There is then of course no cache - come back after testing for tonight.


So say for instance you just went to YouTube and it was slow


Now close and reopen the browser and go back to YouTube - how is it then - please come back on that one in this session and then we will decide whether to try something else now


----------



## New Rain (May 16, 2009)

I did that once, and Gmail took over 30 seconds and still hadn't loaded. I went out of Chrome, gave it about 10 seconds, went back in and Chrome instantly came up, Gmail nearly instantly came up, and You Tube took about 30 seconds again. And, when I clicked on it, the little circles started spinning on Gmail tab and on the tab for this page. I opened a video and it took about 20 seconds. That, too, was nearly instant - no spinning circles at all before.
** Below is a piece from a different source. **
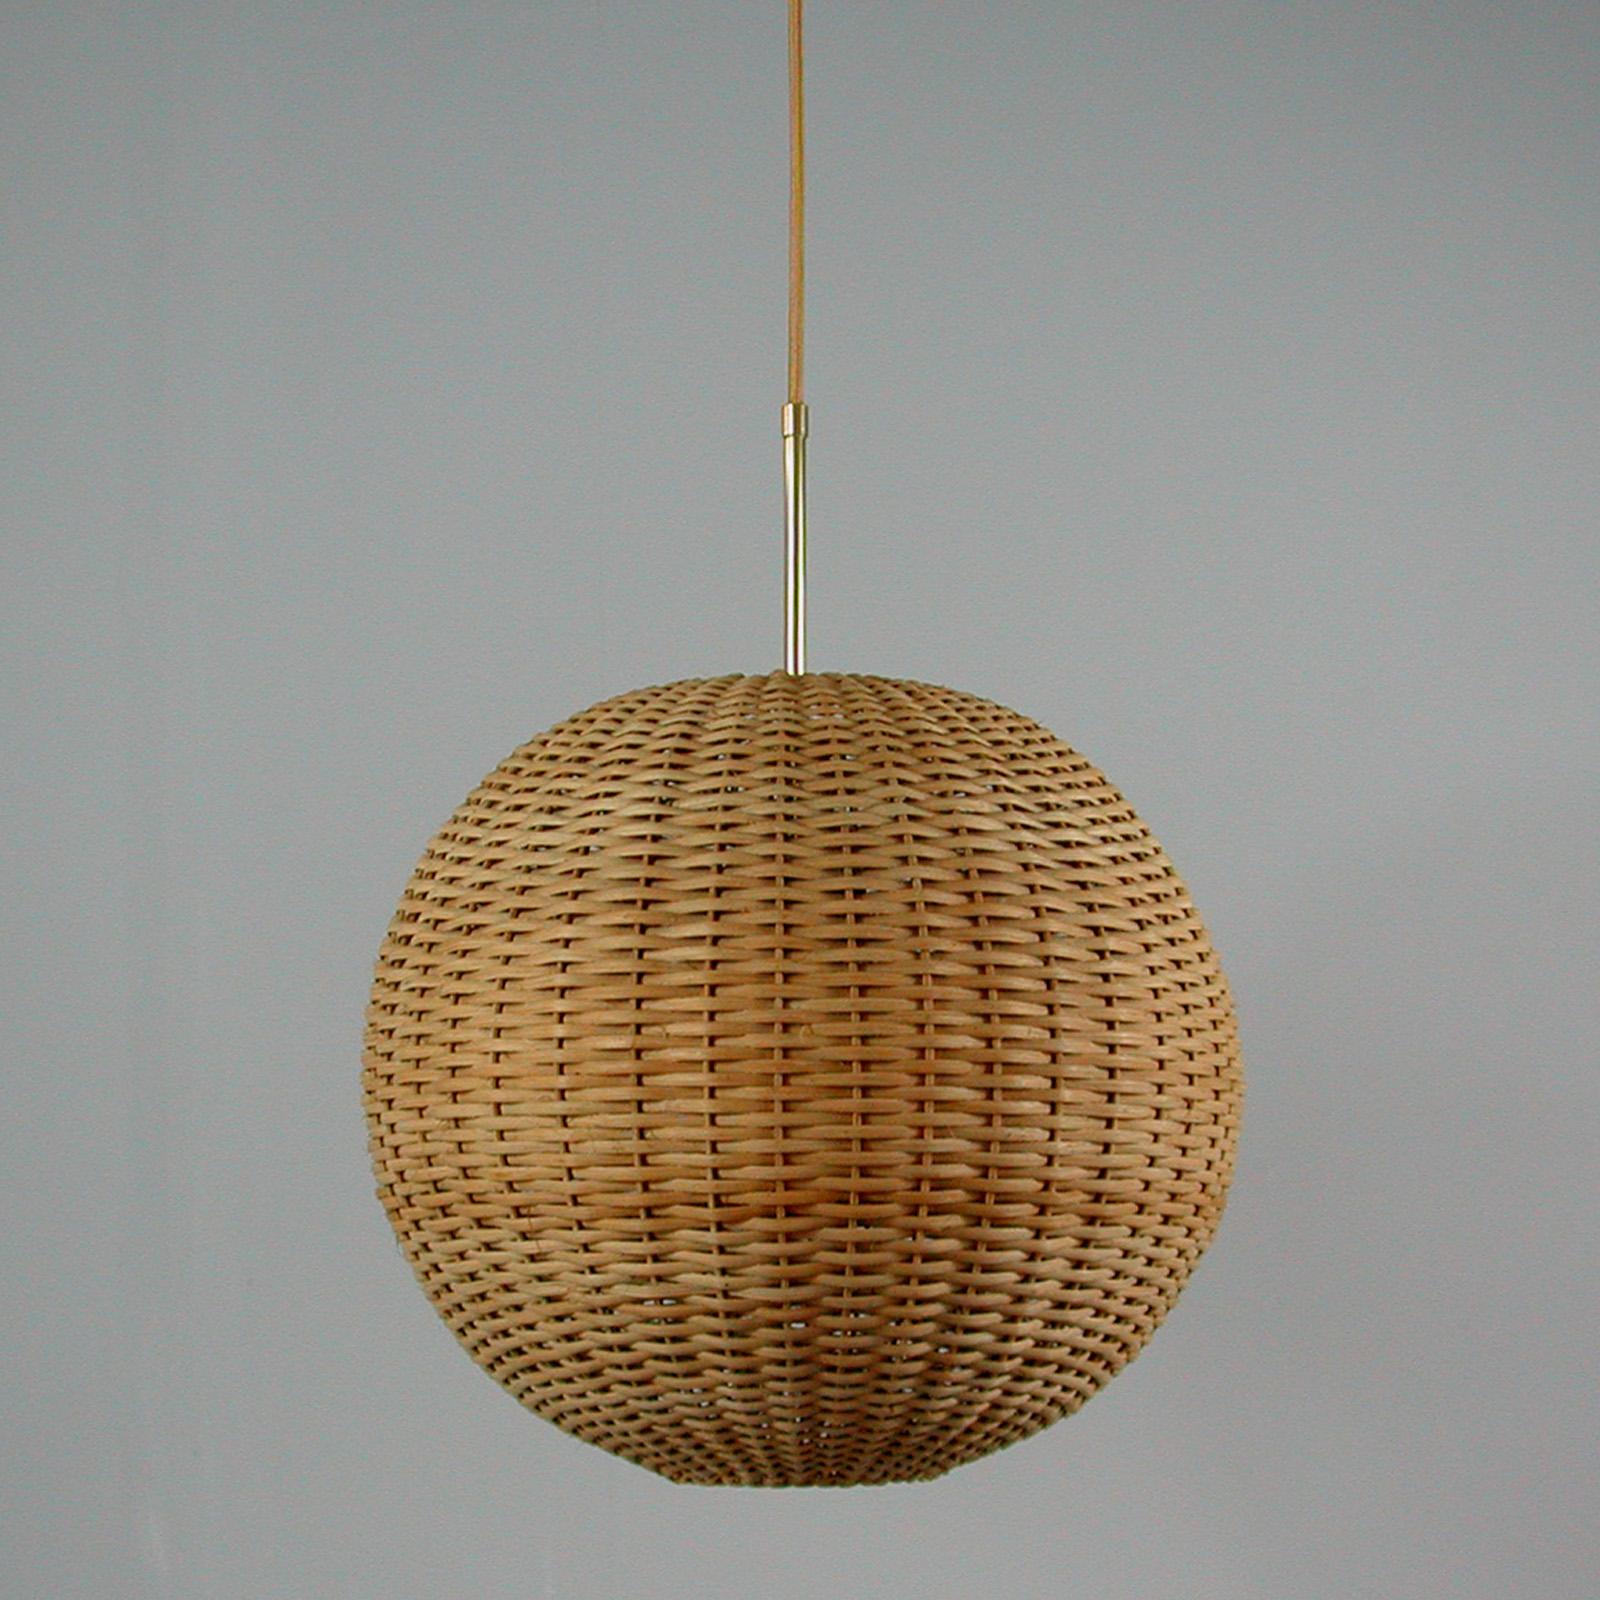 This awesome globe pendant was designed and manufactured in Sweden in the 1960s. It features a wicker lampshade with brass hardware. The lamp has got a very nice warm light when lit and looks amazing. This lamp requires one E27 bulb up to 100 watt

Is it getting late for you? 1:00 AM?


----------



## Macboatmaster (Jan 15, 2010)

It is a bit of a puzzle at the moment


open control panel programs and features


what is listed in there for McAfee


send a screenshot if you can


----------



## New Rain (May 16, 2009)

Just these 2 - let me know if you can't read it. I guess screen shot doesn't paste here.


----------



## Macboatmaster (Jan 15, 2010)

That McAfee Internet Security was either
1. ONLY installed on 27 January 2015
OR
2. The update was only installed then


Surely that is the date the problem started more or less 
Are you aware that this was the date of installation of McAfee Internet Security 
When did you get the computer please


----------



## New Rain (May 16, 2009)

That IS the date the problem started. I've had the computer about a year. My cousin put everything on it when he bought it new and gave it to me when I was looking for a new one. I asked him about McAfee and he said not to worry, I would get a message when it needed to be updated or I could get something else.


----------



## New Rain (May 16, 2009)

Also, that Secunia program updates everything - sometimes I have to allow an update, but almost never.


----------



## Macboatmaster (Jan 15, 2010)

GO Chrome
do this


In the top-right corner of the browser toolbar, click the Chrome menu icon








Select *More tools* > *Extensions*.
To turn off an extension, uncheck the *Enabled* checkbox next to it. To turn on an extension, simply check the box.
UNCHECK all - of them

REBOOT
and test again


----------



## New Rain (May 16, 2009)

I unchecked all, and it's really slow again - well, at least 30 seconds for gmail and for this to come from the link on gmail


----------



## Macboatmaster (Jan 15, 2010)

You did reboot did you please

Try disabling all your extensions, exit or quit Chrome, then restart. If the page displays correctly, re-enable the extensions one by one to identify which extension isn't behaving properly.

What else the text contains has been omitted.